# Need a little help



## cmason249 (Dec 13, 2011)

Howdy folks. I've loaded a few roots/custom ROMs on other phones (HTC Inc and Samsung Charge) (I still consider myself a beginner) and finally convinced my wife to let me play with her phone, but things didn't go quite as planned.

Here's my issue:

I rooted and installed as per the instructions given in the pinned post at the top of the parent board. Everything goes just fine until the second boot (where I am in CWM trying to install GApps). CWM says GApps installed just fine, but when the phone is rebooted, none of them are there. I went back into recovery and noticed that nothing will mount other than the SD card. Thought maybe mounting /system might fix the issue, but it will not mount. So.... Is this the SD card issue I've been reading about? Could I have done something wrong in the process? I ODINed her phone back to stock using the EH03 link provided in the pinned post, but am not ready to give up on her phone just yet.

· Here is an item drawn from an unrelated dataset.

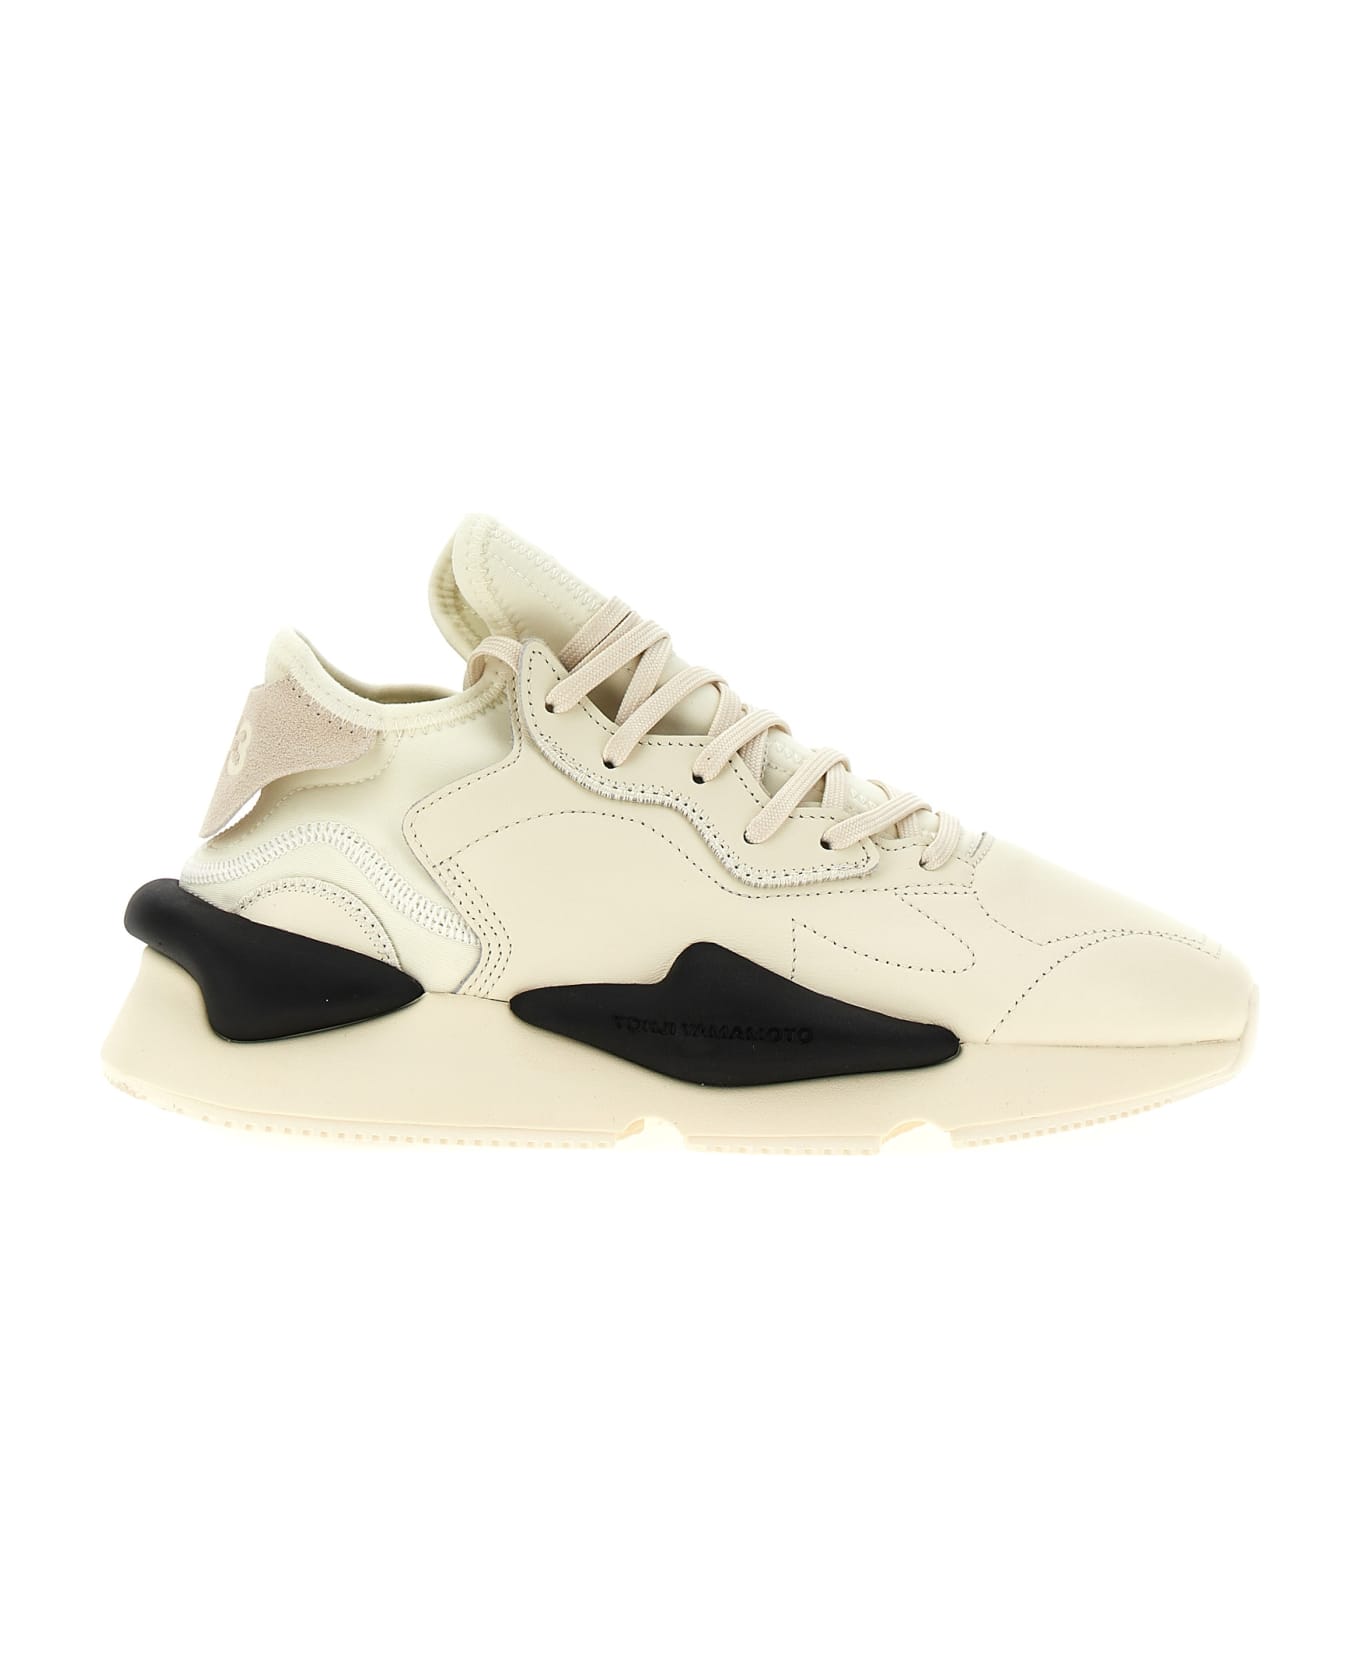 Y-3 'kaiwa' Sneakers - White

Also, how in the world do you import contacts from Verizon? All the other ROMs I've used had the accounts and sync (Verizon's) built in. Am I missing something? Need to save on SD card maybe?

Any help would be greatly appreciated.

Edit: I just remembered, CWM says there is a file missing when I try to mount /system. I don't have her phone with me, so I can't give the file name. It's a longish file name starting with an L (I think). Is the root not sticking? Maybe should try rooting through the ADB method?


----------



## grin0048 (Oct 3, 2011)

Which ROM are you trying to flash and which version of CWM are you using to flash it?


----------



## cmason249 (Dec 13, 2011)

I am using the exact links in the How To Section 3 in the parent board, by droidstyle.


----------



## grin0048 (Oct 3, 2011)

cmason249 said:


> I am using the exact links in the How To Section 3 in the parent board, by droidstyle.


So after booting into ICS how are you getting back to CWM...power menu or shutdown and three finger? Almost sounds similar to the issue with using three finger on mtd, though I'm not sure if that has been an issue with ICS...I always just use the power menu.


----------



## cmason249 (Dec 13, 2011)

I am not getting an option to use the power menu. I have to use the three finger method. I'm headed home right now, so I can hopefully get the "missing file" posted.


----------



## grin0048 (Oct 3, 2011)

cmason249 said:


> I am not getting an option to use the power menu. I have to use the three finger method. I'm headed home right now, so I can hopefully get the "missing file" posted.


In the power menu, hit reboot then you'll have two options: "reboot" and "recovery"


----------



## cmason249 (Dec 13, 2011)

How did I miss that?! Thanks a lot for the help. My wife is happy and will now continue to let me play with her phone!


----------